Indianapolis, IN - Long-term therapy with raloxifene (Evista, Eli Lilly) didn't influence the risk of CVD but apparently protected against development of invasive breast cancer in a preliminary analysis from the large, placebo-controlled Raloxifene Use for the Heart (RUTH) study, according to a statement released by the drug's marketer. Raloxifene, a selective estrogen-receptor modulator currently available in the US for the treatment of osteoporosis, mimics many effects of estrogen.

RUTH encompassed more than 10 000 women from 26 countries who had heart disease or major CV risk factors and who were randomized to either 60-mg raloxifene daily or placebo. Enrollment ended in 2001, and follow-up has ranged up to seven years.
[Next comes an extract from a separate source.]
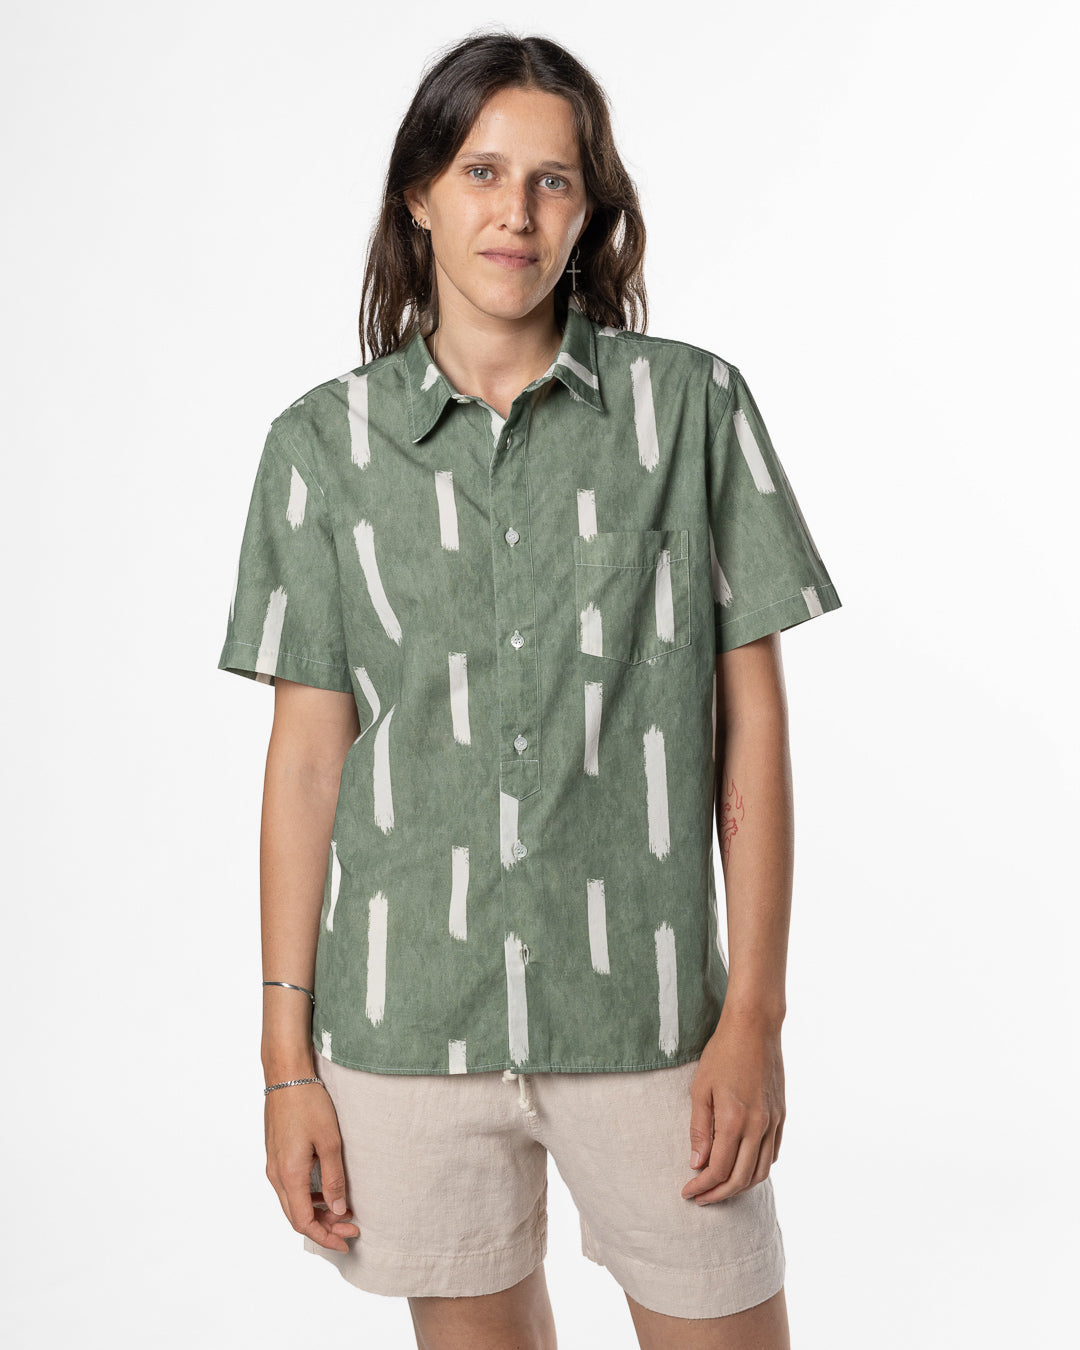 Alegre Printed Shirt - Bush Green Bay

Summarizing the study's preliminary primary outcomes, the Lilly press release said that:

• Active therapy, compared with placebo, "did not increase or decrease" the composite end point of fatal MI, fatal coronary disease, or hospitalization for acute coronary syndromes."
• But it did "decrease the end point of invasive breast cancer compared with placebo."

As for the secondary end points:

• There were no differences in all-cause or CV mortality or in stroke rates between the two treatment arms.
• "However, there was an increase in stroke mortality, but the overall incidence was low."
• The risk of venous thromboembolic events was increased among actively treated women, a finding consistent with the drug's current labeling.

"Physicians should be aware that the modest reduction of low-density-lipoprotein cholesterol, previously seen in Evista's clinical trials and currently reflected in the label, did not translate into cardioprotection in the RUTH study," Lilly chief medical officer Dr Alan Breier is quoted as saying. The company will pursue with the US Food and Drug Administration a labeling addition based on the trial's breast-cancer findings.